Как вы реагируете на критику? Её достаточно. 

Работа либо сильна, либо нет. В процессе я словно отступаю назад, потом вношу изменения (или нет). Срабатывает мой личный критицизм: понимание, когда стоит остановиться и дать картине её собственное пространство. Мои инстинкты, моё видение — высшая точка. Если я завершил работу, мнение остального мира ничего не стоит. Я не могу его контролировать, не могу спуститься на ступень ниже, чтобы его услышать. Мне всё равно.

Как вы отнеслись к словам Кортни Лав о «художнике, находящемся в состоянии войны — с самим собой и тьмой, которую он пытается вырвать из своей измученной души»?

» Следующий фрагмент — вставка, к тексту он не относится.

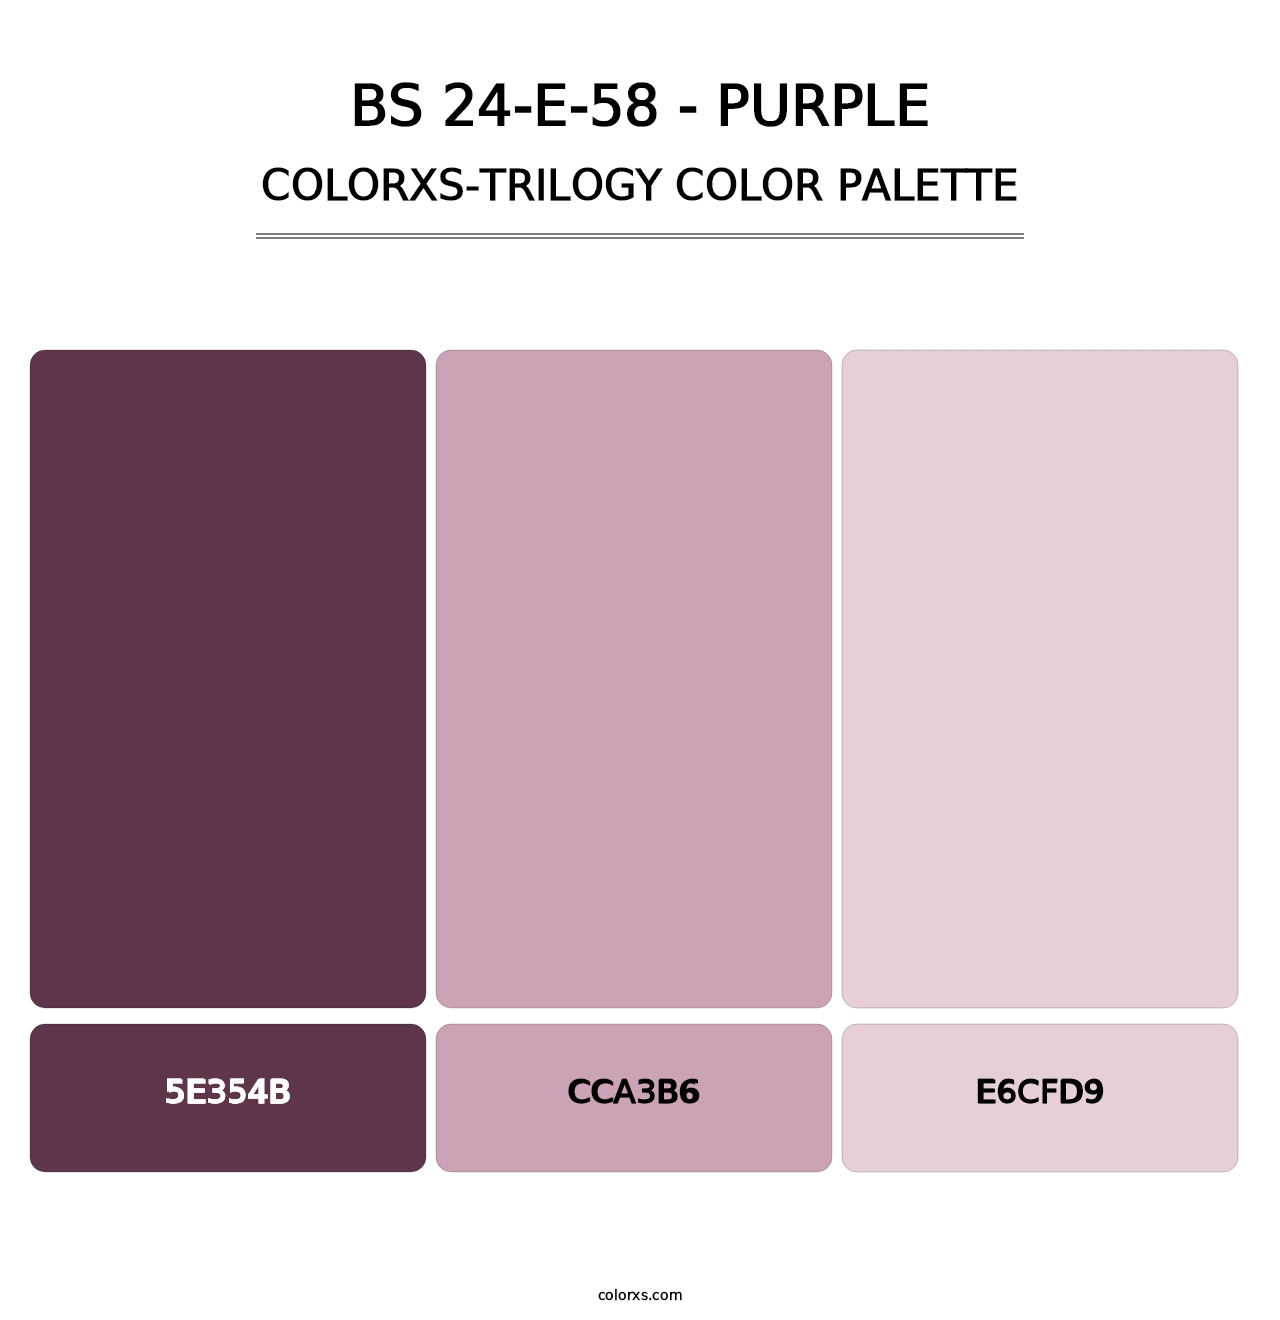 BS 24-E-58 - Purple - Colorxs Trilogy Palette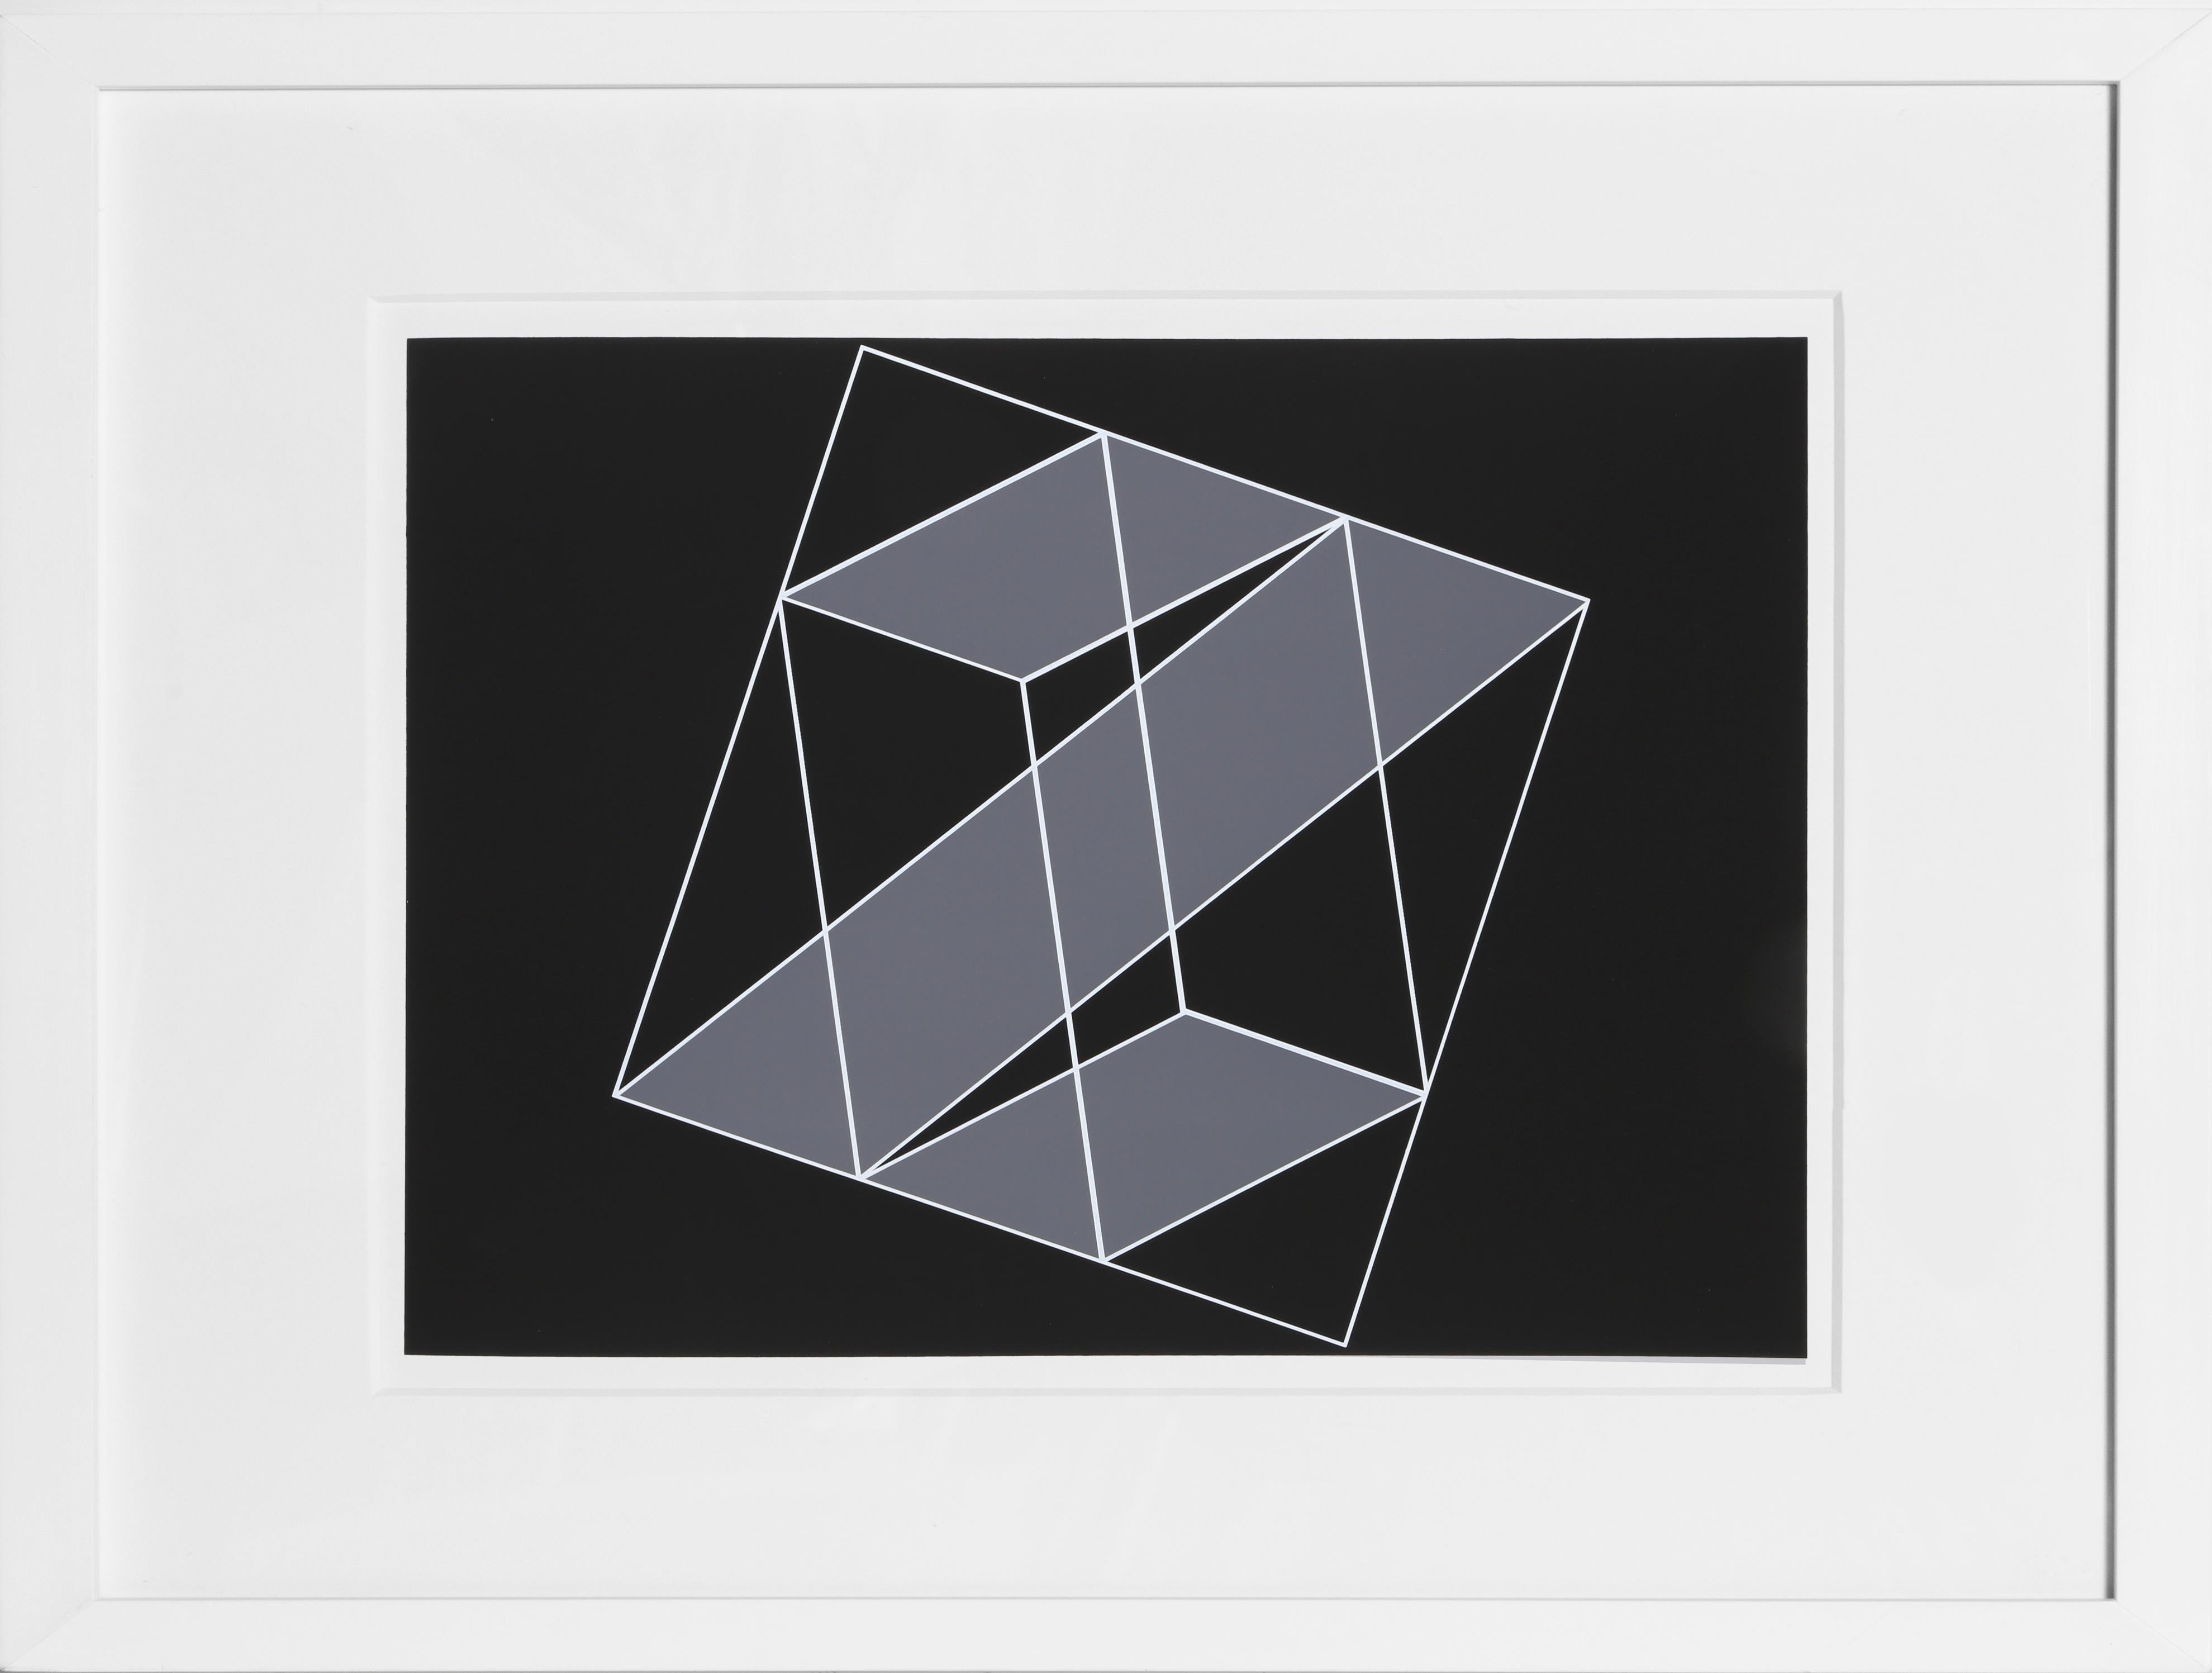 Extrait du portfolio "Formulation : Articulation" créé par Josef Albers en 1972. Cette série monumentale se compose de 127 sérigraphies originales qui constituent une étude définitive des plus importantes théories de couleurs et de formes de

Кортни крайне умна. Мы дружим, между нами царит опредёленное понимание. Она чувствует мои работы на глубинном уровне и способна вербализовать их смысл даже лучше, чем это сделал бы я сам. Знаете, на нынешнем этапе жизни у меня будто несколько матерей. Кортни — моя «плохая» мама.

А кто хорошая?

Моя настоящая мама.

Как раз в тему: название выставки — ASK US IF HE WAS OUR SON — запускает полнокровную цепочку образов. Что имел в виду автор? 

Возможно, в качестве сквозной линии подразумевалась тема отношений между ребенком и родителями. Или же я сам мог быть этим «сыном»… Необязательно понимать всё столь буквально. Когда я работаю со словами, выбираю их, то скорее визуализирую, куда движется мир и как это ощущается сейчас. Определённое чувство, которое, как мне кажется, резонирует с выставкой.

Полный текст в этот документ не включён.